Has anyone ever tired the GB Liquid Tape? They sell it at HD in pretty colors like green, white and red.


----------



## sparky105 (Sep 29, 2009)

Peter D said:


> Has anyone ever tired the GB Liquid Tape? They sell it at HD in pretty colors like green, white and red.


why would you use liquid tape just use duct seal


----------



## nolabama (Oct 3, 2007)

Peter D said:


> Has anyone ever tired the GB Liquid Tape? They sell it at HD in pretty colors like green, white and red.



Do I look like a hack. If I am going to use liquid tape I most certainly will use the 3M product. Not some cheapo GB crap.:laughing:


----------



## user4818 (Jan 15, 2009)

nolabama said:


> Do I look like a hack. If I am going to use liquid tape I most certainly will use the 3M product. Not some cheapo GB crap.:laughing:


Good point. :laughing:


----------



## B4T (Feb 10, 2009)

sparky105 said:


> MarkyMark said:
> 
> 
> > Around here Carlon blues are as sure a sign of hack work as tape around a wire nut.
> ...


----------



## Ima Hack (Aug 31, 2009)

Peter D said:


> Around here it's the exact opposite. Insulate staples are the mark of professional work. Uninsulated staples are the mark of a hack.


Same in my area. :thumbsup:

I will say the only thing I dislike about Carlons is how they shatter when when you miss the nail with your hammer while roughing in when it's like 10 degrees inside.


----------



## user4818 (Jan 15, 2009)

Ima Hack said:


> Same in my area. :thumbsup:
> 
> I will say the only thing I dislike about Carlons is how they shatter when when you miss the nail with your hammer while roughing in when it's like 10 degrees inside.


Yeah, but Allied and Union boxes shatter year round. :laughing:


----------



## rdr (Oct 25, 2009)

Ima Hack said:


> Same in my area. :thumbsup:
> 
> I will say the only thing I dislike about Carlons is how they shatter when when you miss the nail with your hammer while roughing in when it's like 10 degrees inside.
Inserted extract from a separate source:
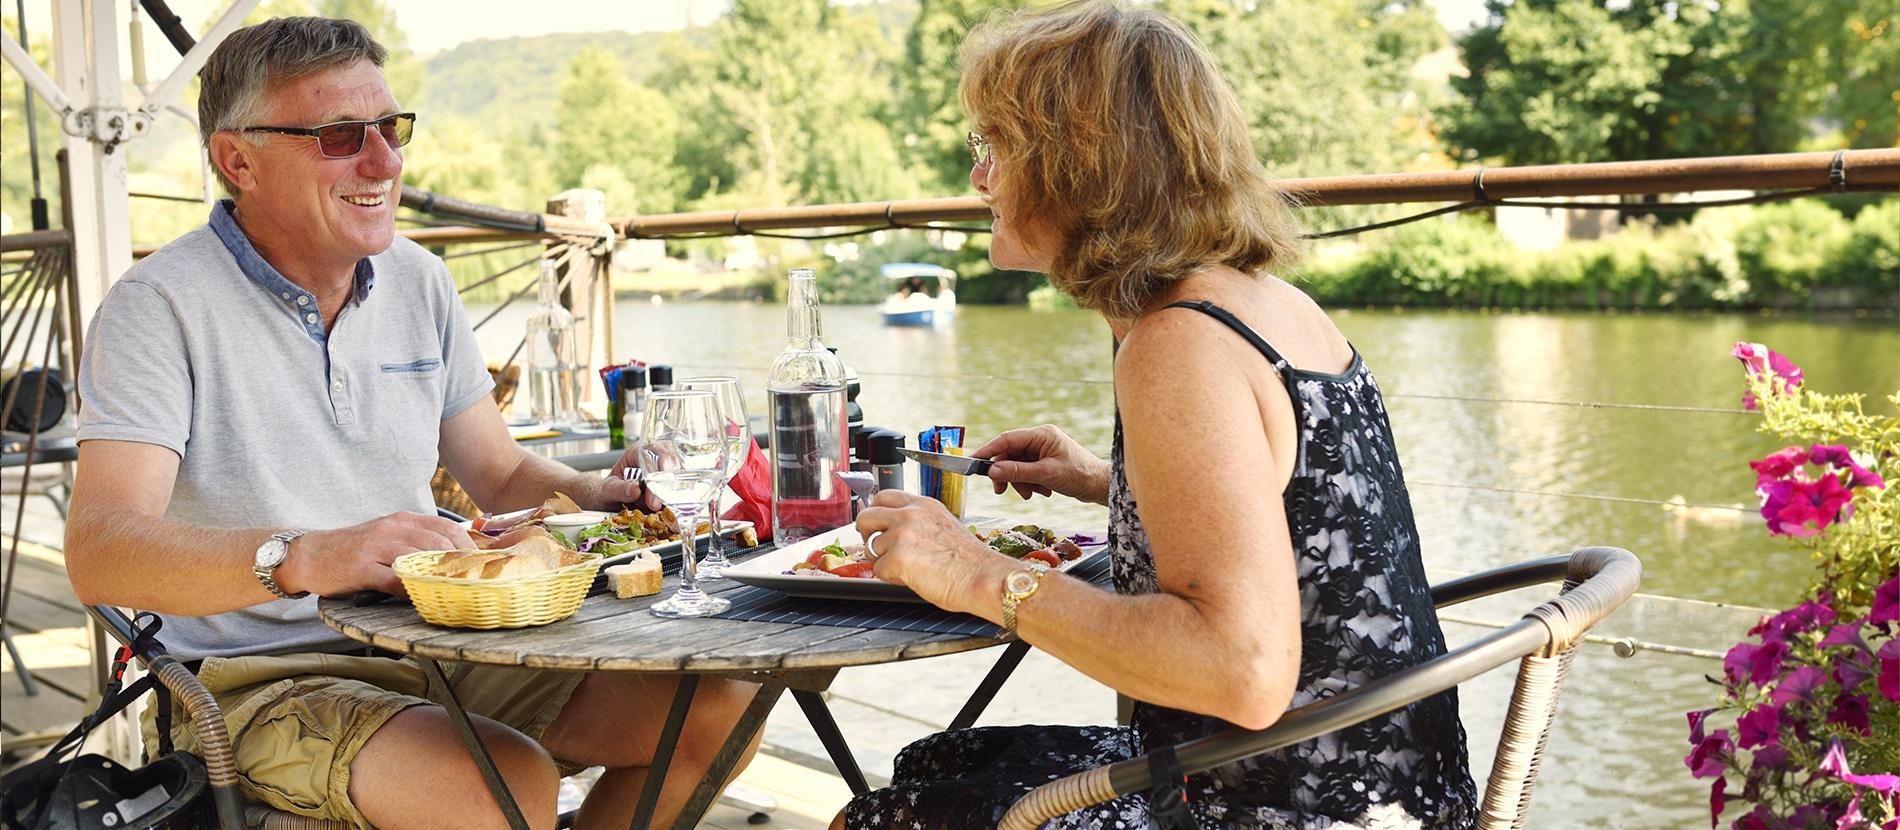 Déjeuner en couple à Clécy dans le Calvados en Normandie

Learn not to miss with your hammer.




Peter D said:


> How will I ever live down my reputation of being a hack?


Wear it with pride. It's no different than being a "rat" :thumbsup:


----------



## Ima Hack (Aug 31, 2009)

Peter D said:


> Yeah, but Allied and Union boxes shatter year round. :laughing:


Very good point.

Is it Slater that make the one with the little metal tab in the screw hole so you can just push the 6/32 in in two seconds? Those are pretty slick too.
That being said, I have no problem with using Carlon all day long.


----------



## Ima Hack (Aug 31, 2009)

rdr said:


> Learn not to miss with your hammer.


Ok.... I'll work on that.


----------



## Rudeboy (Oct 6, 2009)

Using insulated staples is about the same as wrapping wire nuts or wrapping devices. 
How does having a staple insulated help with anything? Maybe i should be using those new insulated one hole 3/8 straps for my mc now.
:whistling2:


----------



## Ima Hack (Aug 31, 2009)

Rudeboy said:


> Using insulated staples is about the same as wrapping wire nuts or wrapping devices.
> How does having a staple insulated help with anything? Maybe i should be using those new insulated one hole 3/8 straps for my mc now.
> :whistling2:


The point (I think) is to prevent the staple from being energized if the NM gets nicked. That's all we use in my area.


----------



## Rudeboy (Oct 6, 2009)

haha, jeez, what kinda hammers do yall use, sledge?
:whistling2:


----------



## 480sparky (Sep 20, 2007)

Ima Hack said:


> The point is to prevent the staple from being energized if the NM gets nicked. That's all we use in my area.


If the thin coating on a staple is all that you depend on to prevent the staple from getting energized if the cable is nicked, you've driven the staple in way too much to begin with and most likely have irreparably damaged the insulation inside the sheath.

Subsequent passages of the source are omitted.